- _TO DO_
Below is a block of entries; repeat exactly the lines starting at the line that contains "DIVINITY 5 ROMPER" and ending at the line that contains "functions of mouth", both included.

- _RECORDS SUPPLIED_

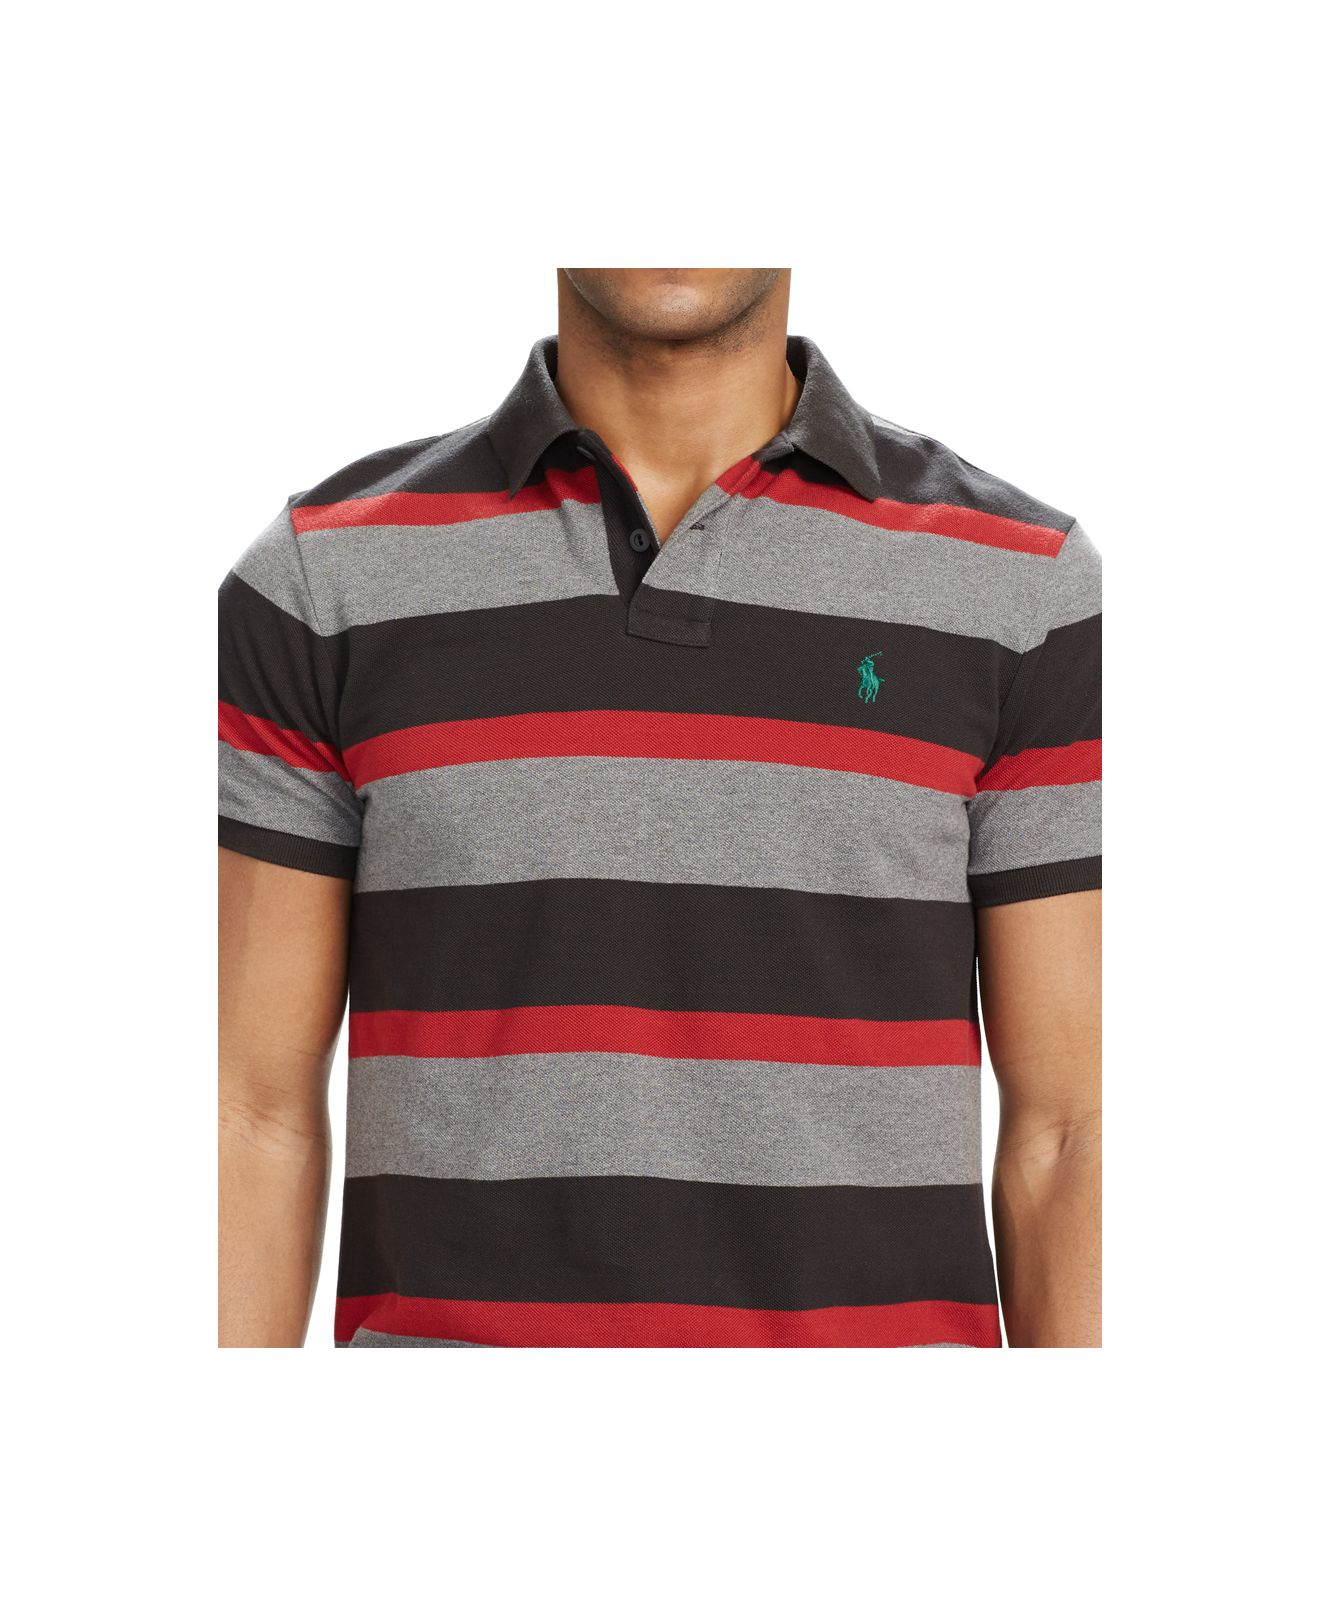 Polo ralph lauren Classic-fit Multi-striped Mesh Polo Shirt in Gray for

* * *

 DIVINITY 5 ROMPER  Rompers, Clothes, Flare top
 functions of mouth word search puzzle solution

* * *

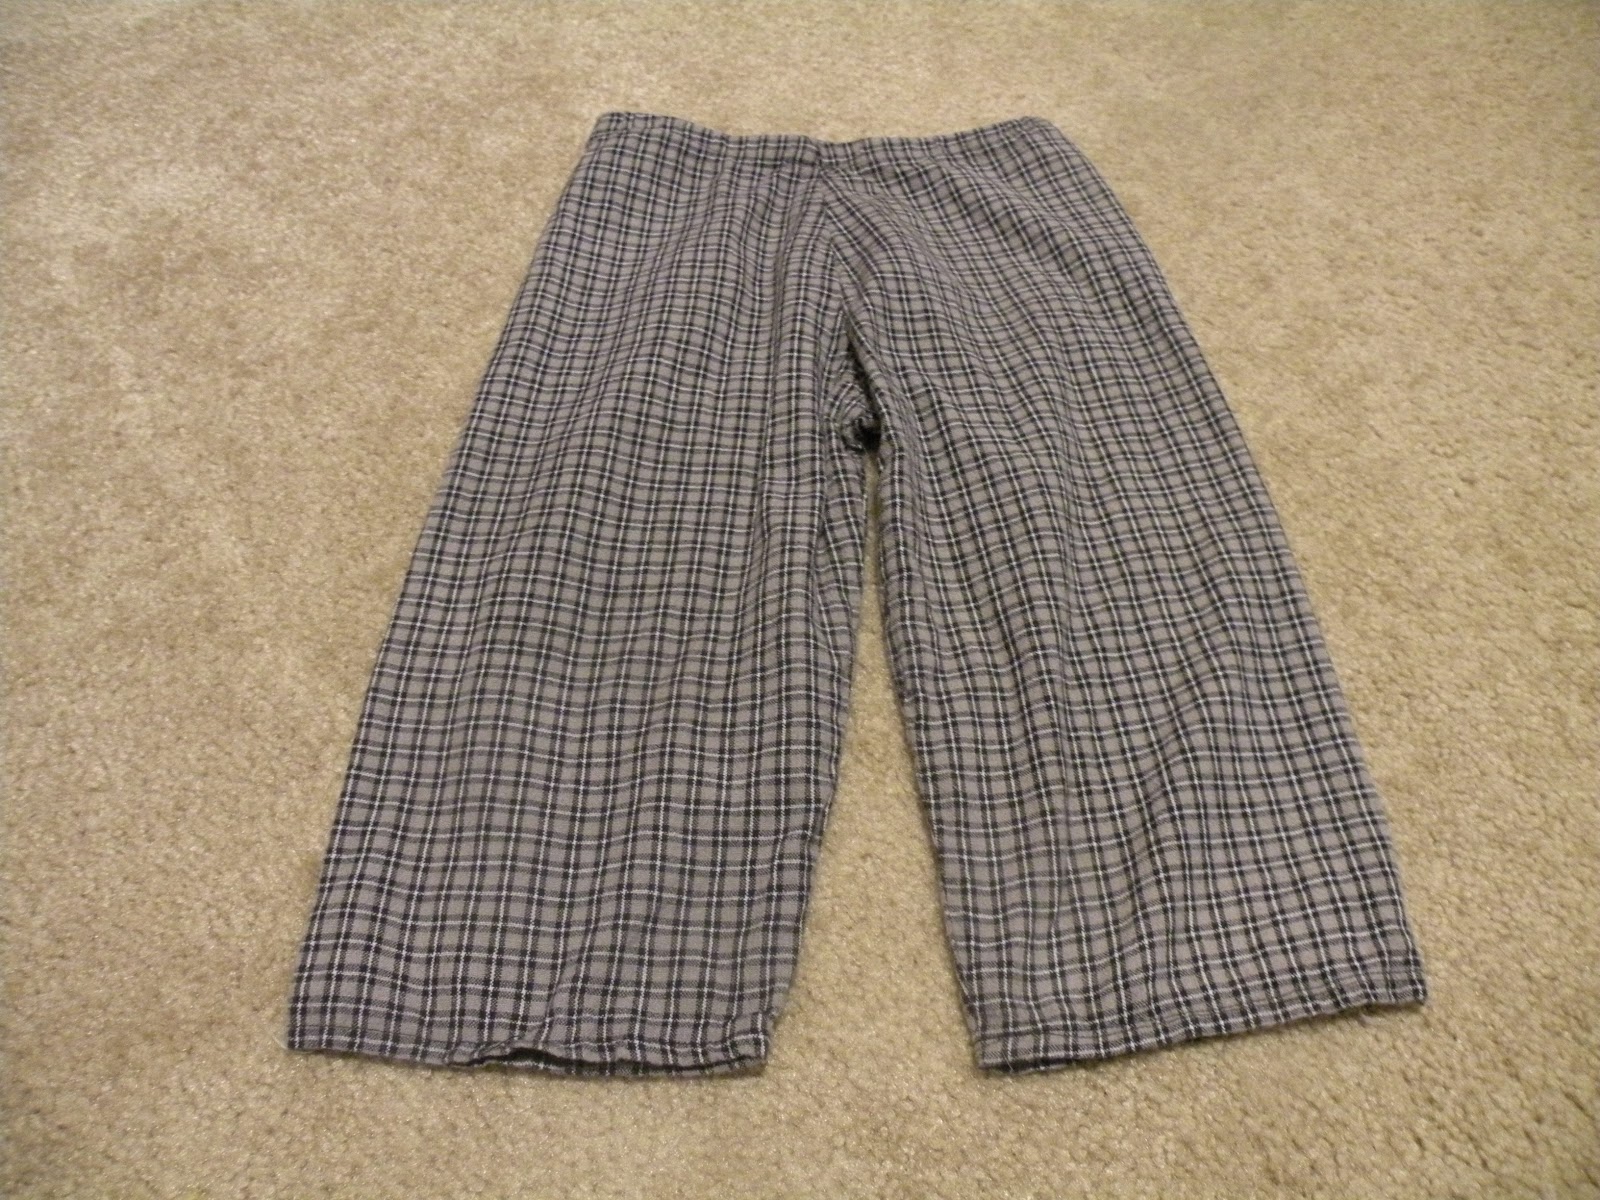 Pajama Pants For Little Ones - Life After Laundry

- _WRITTEN ANSWER_
 DIVINITY 5 ROMPER  Rompers, Clothes, Flare top
 functions of mouth word search puzzle solution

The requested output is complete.